Есть милая загадочность (то есть разгадок — тьма, а загадочность остается и останется) в том, что не только этакая наивность, но и степень ее, казалось заслуживающая более жесткого определения, прикасаясь к Пушкину, к его славе, сами становятся частью его ауры, перенимая обаяние гения. Массовое сознание, обиход, то, что мы называем «улица», не опошляют драгоценнейшего из имен русской культуры, и допустим, есть ли обида для Пушкина и за Пушкина в той абракадабре, которую весело твердит грамотей Петруха из рассказа Толстого «Хозяин и работник»? «Буря с мглою небо скроить, вихри снежные крутить, аж как зверь она заво-ить, аж заплачет как дитё»… Негодовать на это — уподобиться пушкинскому же Сальери, раздраженному пришельцем с улицы венской, слепым «скрипачом», пиликающим моцар-товскую мелодию. Сам гений, сам Моцарт не раздражен, он смеется.

Если здесь скажем опасное: «Народ всегда прав», то обычная, раздражающая демагогичность фразы на сей исключительный раз стушуется, ибо это значит: прав Пушкин, внушивший свою правоту и народу.

Будучи скромником-младшеклассником, я, помнится, был потрясен неприличнейшим анекдотом, где Пушкин в компании Лермонтова (!) и Льва Толстого (!!)… Как бы сказать? Домогался благосклонности Екатерины Второй (!!!).

Причем Пушкин, ясное дело, выходил победителем, победив, заметим, при помощи особой витиеватости речи — простонародного аналога художественности.

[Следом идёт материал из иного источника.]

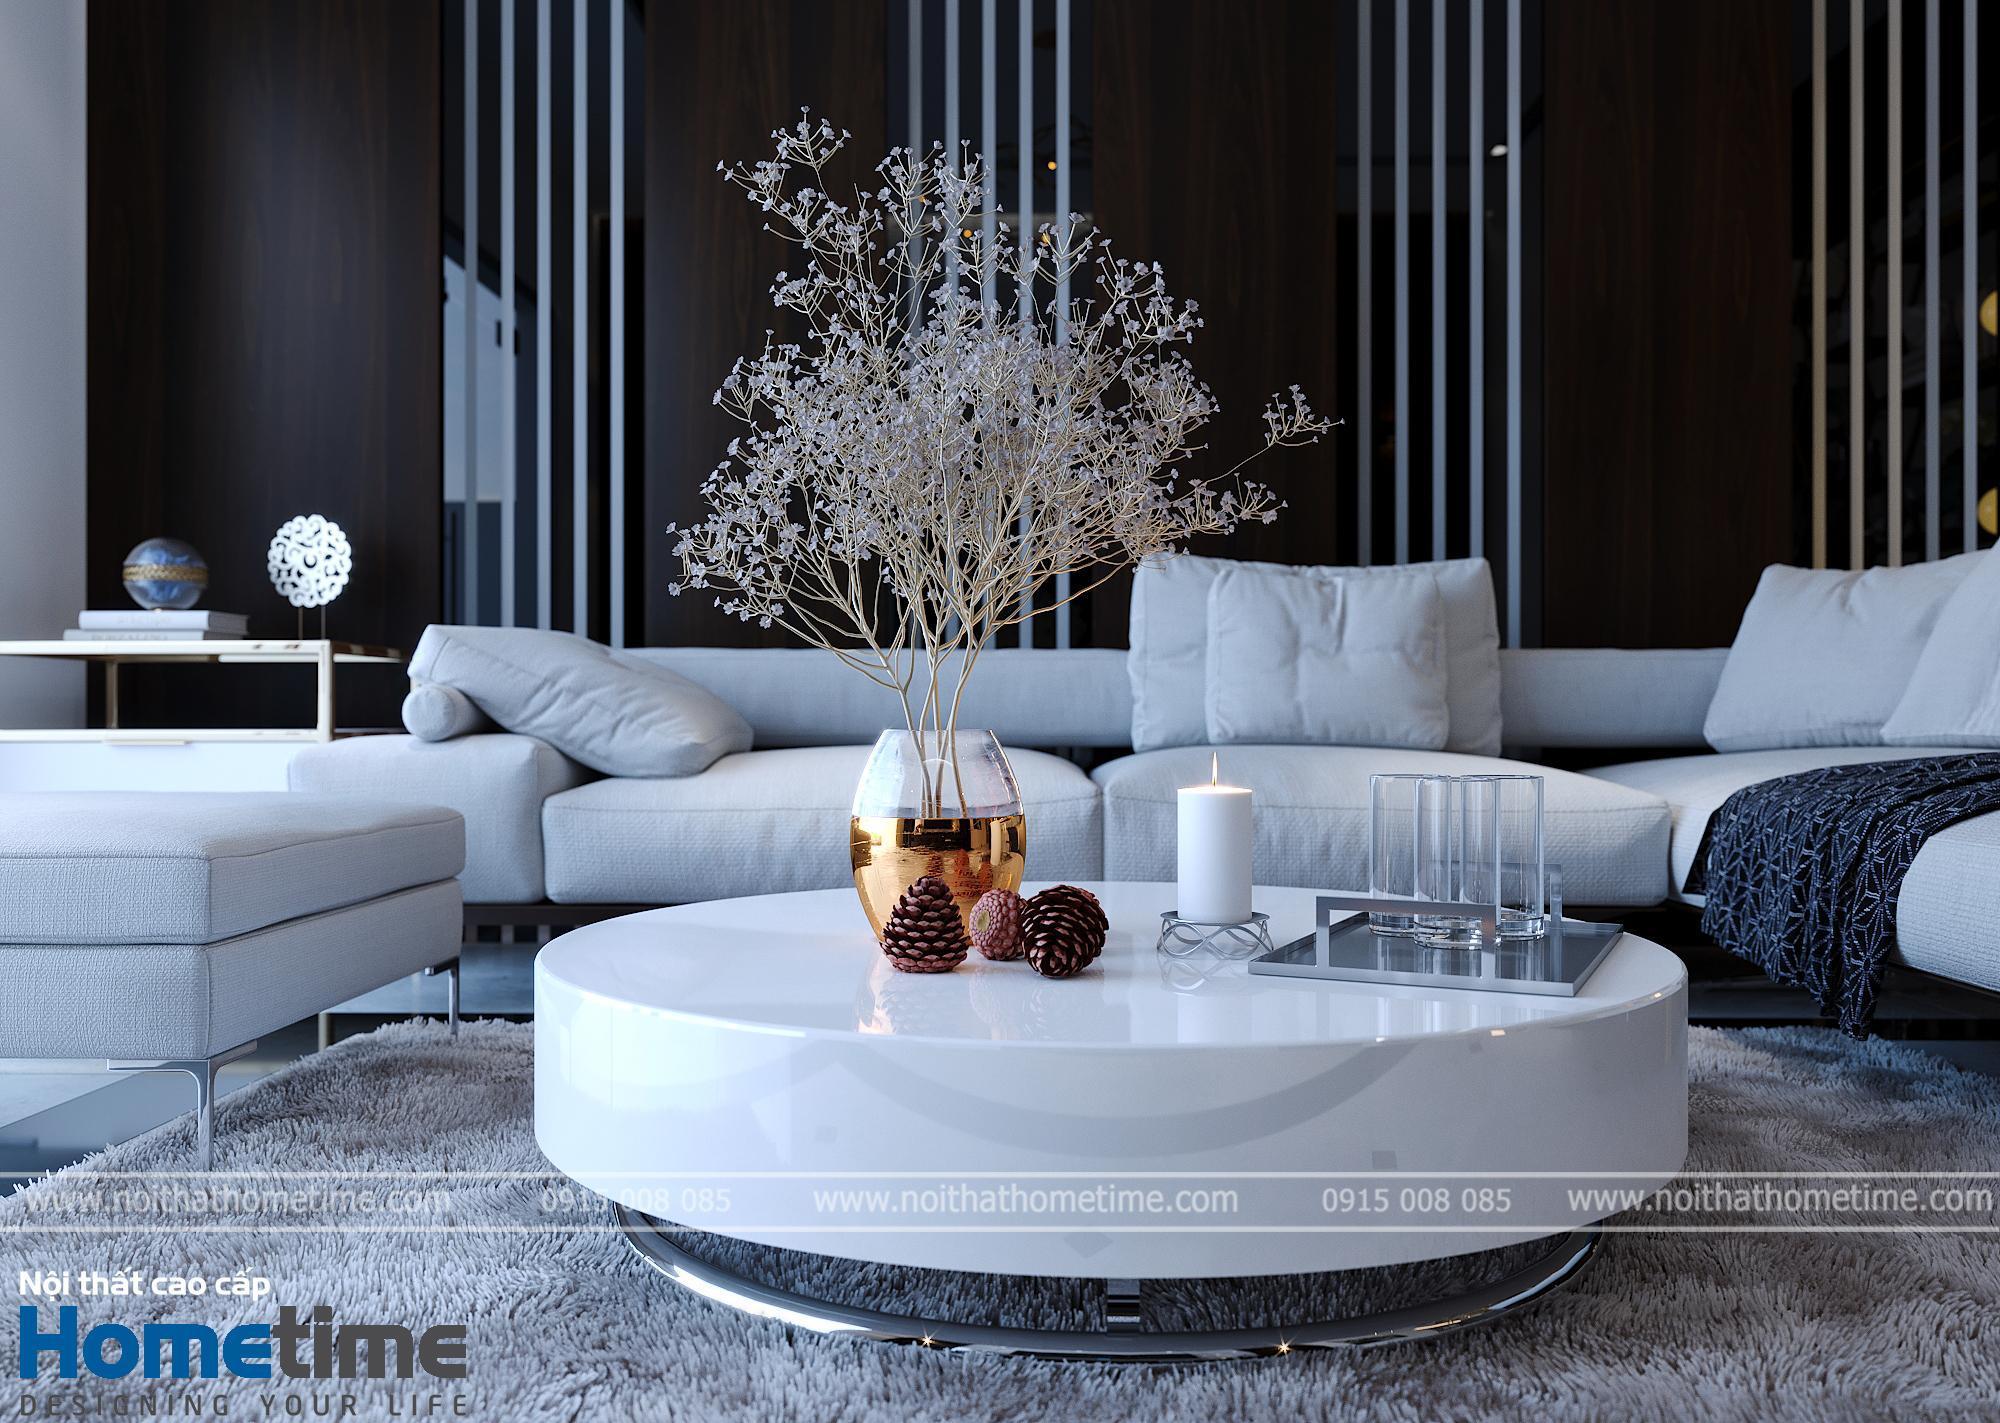 Cùng tham khảo rõ chi tiết hơn bộ bàn trà cũng như bộ sofa cao cấp

Вот он каков — острослов, удалец, и разве не так? «Веселое имя Пушкин», «Пушкин — наше все», — повторяют высоколобые, а те, кто не только что этих цитат не слыхивали, но его самого не читали, тоже считают, что он хоть куда, хоть в стишках, хоть… гм… во всем наипрочем. Потому что имя Пушкина, проникшее всюду, не исключая того оборота речи, который Булгаков подметил у своего Никанора Ивановича Босого: «А за квартиру Пушкин платить будет?», — именно потому всенародно признанный знак абсолютной победы. Удачи… Впрочем, и об этом есть в «Мастере и Маргарите»:

«Какие-то странные мысли хлынули в голову заболевшему поэту. «Вот пример настоящей удачливости… — Тут Рюхин встал во весь рост на платформе грузовика и руку поднял, нападая зачем-то на никого не трогающего чугунного человека. — Какой бы шаг он ни сделал в жизни, что бы ни случилось с ним, все шло ему на пользу, все обращалось к его славе! Но что он сделал? Я не постигаю… Что-нибудь особенное есть в этих словах: «Буря мглою…»? Не понимаю!.. Повезло, повезло! — вдруг ядовито заключил Рюхин… — Стрелял, стрелял в него этот белогвардеец и раздробил бедро и обеспечил бессмертие…»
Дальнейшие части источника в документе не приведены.